- _How to complete this task_:
The goal is to restate all of the records below word for word.

--- Exercise data Enclosed Below ---

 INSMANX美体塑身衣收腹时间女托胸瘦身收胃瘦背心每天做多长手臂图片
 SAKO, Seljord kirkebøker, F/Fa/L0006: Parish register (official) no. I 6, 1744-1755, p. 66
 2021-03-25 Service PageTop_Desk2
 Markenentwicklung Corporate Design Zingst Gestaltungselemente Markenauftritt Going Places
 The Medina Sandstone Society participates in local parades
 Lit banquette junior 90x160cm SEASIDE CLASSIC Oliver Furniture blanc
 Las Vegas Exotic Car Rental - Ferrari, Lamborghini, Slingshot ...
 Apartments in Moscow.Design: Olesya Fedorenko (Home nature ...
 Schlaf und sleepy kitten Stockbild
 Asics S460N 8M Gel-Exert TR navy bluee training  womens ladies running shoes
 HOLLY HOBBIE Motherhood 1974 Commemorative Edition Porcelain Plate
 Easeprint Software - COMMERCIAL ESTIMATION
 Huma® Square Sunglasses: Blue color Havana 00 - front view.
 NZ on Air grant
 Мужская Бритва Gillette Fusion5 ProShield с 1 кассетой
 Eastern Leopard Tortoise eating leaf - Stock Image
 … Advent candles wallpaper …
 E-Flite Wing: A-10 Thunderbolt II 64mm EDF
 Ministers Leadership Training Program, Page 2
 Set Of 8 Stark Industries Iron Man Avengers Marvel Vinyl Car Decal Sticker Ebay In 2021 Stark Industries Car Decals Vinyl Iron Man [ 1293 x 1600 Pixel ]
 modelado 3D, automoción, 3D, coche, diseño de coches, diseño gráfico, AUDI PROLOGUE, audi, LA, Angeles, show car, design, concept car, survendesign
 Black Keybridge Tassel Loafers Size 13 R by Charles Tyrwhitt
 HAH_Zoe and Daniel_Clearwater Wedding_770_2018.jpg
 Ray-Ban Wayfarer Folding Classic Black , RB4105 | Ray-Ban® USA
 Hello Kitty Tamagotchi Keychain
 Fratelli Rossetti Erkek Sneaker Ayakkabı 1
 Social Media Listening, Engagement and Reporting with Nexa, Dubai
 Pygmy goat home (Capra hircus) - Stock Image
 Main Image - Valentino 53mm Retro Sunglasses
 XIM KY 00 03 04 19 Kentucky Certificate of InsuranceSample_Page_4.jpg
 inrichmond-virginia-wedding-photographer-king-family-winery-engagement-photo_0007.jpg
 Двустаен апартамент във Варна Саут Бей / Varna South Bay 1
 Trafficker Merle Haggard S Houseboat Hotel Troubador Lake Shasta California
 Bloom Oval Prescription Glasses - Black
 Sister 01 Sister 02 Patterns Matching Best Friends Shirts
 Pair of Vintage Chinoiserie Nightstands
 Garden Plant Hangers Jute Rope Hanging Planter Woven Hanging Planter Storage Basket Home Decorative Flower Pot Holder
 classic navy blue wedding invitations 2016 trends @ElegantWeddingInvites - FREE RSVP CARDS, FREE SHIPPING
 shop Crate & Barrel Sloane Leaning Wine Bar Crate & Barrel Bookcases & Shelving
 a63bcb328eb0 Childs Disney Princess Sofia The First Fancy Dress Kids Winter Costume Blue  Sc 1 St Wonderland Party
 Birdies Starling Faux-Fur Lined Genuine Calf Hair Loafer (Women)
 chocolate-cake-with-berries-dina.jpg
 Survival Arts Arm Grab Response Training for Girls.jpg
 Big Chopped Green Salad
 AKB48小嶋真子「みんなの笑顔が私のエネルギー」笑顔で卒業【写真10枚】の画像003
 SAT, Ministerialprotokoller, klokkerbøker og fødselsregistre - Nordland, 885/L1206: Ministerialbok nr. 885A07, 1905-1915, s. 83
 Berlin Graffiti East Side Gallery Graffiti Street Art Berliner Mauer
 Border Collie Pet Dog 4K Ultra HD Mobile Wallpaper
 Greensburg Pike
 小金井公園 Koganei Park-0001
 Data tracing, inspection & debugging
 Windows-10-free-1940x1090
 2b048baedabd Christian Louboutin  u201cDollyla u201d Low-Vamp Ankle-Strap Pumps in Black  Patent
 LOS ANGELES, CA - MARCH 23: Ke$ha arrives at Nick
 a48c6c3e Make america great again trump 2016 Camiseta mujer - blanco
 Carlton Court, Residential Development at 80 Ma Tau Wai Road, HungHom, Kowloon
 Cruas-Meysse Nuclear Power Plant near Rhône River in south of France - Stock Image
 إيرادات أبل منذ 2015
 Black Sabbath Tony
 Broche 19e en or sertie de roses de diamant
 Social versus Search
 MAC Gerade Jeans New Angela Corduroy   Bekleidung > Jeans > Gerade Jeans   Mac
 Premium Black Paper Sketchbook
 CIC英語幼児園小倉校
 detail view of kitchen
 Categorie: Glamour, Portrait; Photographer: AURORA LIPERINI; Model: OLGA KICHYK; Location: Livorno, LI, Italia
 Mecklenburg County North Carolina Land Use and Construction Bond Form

--- End of Enclosed Exercise data ---

- _Result for this task_:
 INSMANX美体塑身衣收腹时间女托胸瘦身收胃瘦背心每天做多长手臂图片
 SAKO, Seljord kirkebøker, F/Fa/L0006: Parish register (official) no. I 6, 1744-1755, p. 66
 2021-03-25 Service PageTop_Desk2
 Markenentwicklung Corporate Design Zingst Gestaltungselemente Markenauftritt Going Places
 The Medina Sandstone Society participates in local parades
 Lit banquette junior 90x160cm SEASIDE CLASSIC Oliver Furniture blanc
 Las Vegas Exotic Car Rental - Ferrari, Lamborghini, Slingshot ...
 Apartments in Moscow.Design: Olesya Fedorenko (Home nature ...
 Schlaf und sleepy kitten Stockbild
 Asics S460N 8M Gel-Exert TR navy bluee training  womens ladies running shoes
 HOLLY HOBBIE Motherhood 1974 Commemorative Edition Porcelain Plate
 Easeprint Software - COMMERCIAL ESTIMATION
 Huma® Square Sunglasses: Blue color Havana 00 - front view.
 NZ on Air grant
 Мужская Бритва Gillette Fusion5 ProShield с 1 кассетой
 Eastern Leopard Tortoise eating leaf - Stock Image
 … Advent candles wallpaper …
 E-Flite Wing: A-10 Thunderbolt II 64mm EDF
 Ministers Leadership Training Program, Page 2
 Set Of 8 Stark Industries Iron Man Avengers Marvel Vinyl Car Decal Sticker Ebay In 2021 Stark Industries Car Decals Vinyl Iron Man [ 1293 x 1600 Pixel ]
 modelado 3D, automoción, 3D, coche, diseño de coches, diseño gráfico, AUDI PROLOGUE, audi, LA, Angeles, show car, design, concept car, survendesign
 Black Keybridge Tassel Loafers Size 13 R by Charles Tyrwhitt
 HAH_Zoe and Daniel_Clearwater Wedding_770_2018.jpg
 Ray-Ban Wayfarer Folding Classic Black , RB4105 | Ray-Ban® USA
 Hello Kitty Tamagotchi Keychain
 Fratelli Rossetti Erkek Sneaker Ayakkabı 1
 Social Media Listening, Engagement and Reporting with Nexa, Dubai
 Pygmy goat home (Capra hircus) - Stock Image
 Main Image - Valentino 53mm Retro Sunglasses
 XIM KY 00 03 04 19 Kentucky Certificate of InsuranceSample_Page_4.jpg
 inrichmond-virginia-wedding-photographer-king-family-winery-engagement-photo_0007.jpg
 Двустаен апартамент във Варна Саут Бей / Varna South Bay 1
 Trafficker Merle Haggard S Houseboat Hotel Troubador Lake Shasta California
 Bloom Oval Prescription Glasses - Black
 Sister 01 Sister 02 Patterns Matching Best Friends Shirts
 Pair of Vintage Chinoiserie Nightstands
 Garden Plant Hangers Jute Rope Hanging Planter Woven Hanging Planter Storage Basket Home Decorative Flower Pot Holder
 classic navy blue wedding invitations 2016 trends @ElegantWeddingInvites - FREE RSVP CARDS, FREE SHIPPING
 shop Crate & Barrel Sloane Leaning Wine Bar Crate & Barrel Bookcases & Shelving
 a63bcb328eb0 Childs Disney Princess Sofia The First Fancy Dress Kids Winter Costume Blue  Sc 1 St Wonderland Party
 Birdies Starling Faux-Fur Lined Genuine Calf Hair Loafer (Women)
 chocolate-cake-with-berries-dina.jpg
 Survival Arts Arm Grab Response Training for Girls.jpg
 Big Chopped Green Salad
 AKB48小嶋真子「みんなの笑顔が私のエネルギー」笑顔で卒業【写真10枚】の画像003
 SAT, Ministerialprotokoller, klokkerbøker og fødselsregistre - Nordland, 885/L1206: Ministerialbok nr. 885A07, 1905-1915, s. 83
 Berlin Graffiti East Side Gallery Graffiti Street Art Berliner Mauer
 Border Collie Pet Dog 4K Ultra HD Mobile Wallpaper
 Greensburg Pike
 小金井公園 Koganei Park-0001
 Data tracing, inspection & debugging
 Windows-10-free-1940x1090
 2b048baedabd Christian Louboutin  u201cDollyla u201d Low-Vamp Ankle-Strap Pumps in Black  Patent
 LOS ANGELES, CA - MARCH 23: Ke$ha arrives at Nick
 a48c6c3e Make america great again trump 2016 Camiseta mujer - blanco
 Carlton Court, Residential Development at 80 Ma Tau Wai Road, HungHom, Kowloon
 Cruas-Meysse Nuclear Power Plant near Rhône River in south of France - Stock Image
 إيرادات أبل منذ 2015
 Black Sabbath Tony
 Broche 19e en or sertie de roses de diamant
 Social versus Search
 MAC Gerade Jeans New Angela Corduroy   Bekleidung > Jeans > Gerade Jeans   Mac
 Premium Black Paper Sketchbook
 CIC英語幼児園小倉校
 detail view of kitchen
 Categorie: Glamour, Portrait; Photographer: AURORA LIPERINI; Model: OLGA KICHYK; Location: Livorno, LI, Italia
 Mecklenburg County North Carolina Land Use and Construction Bond Form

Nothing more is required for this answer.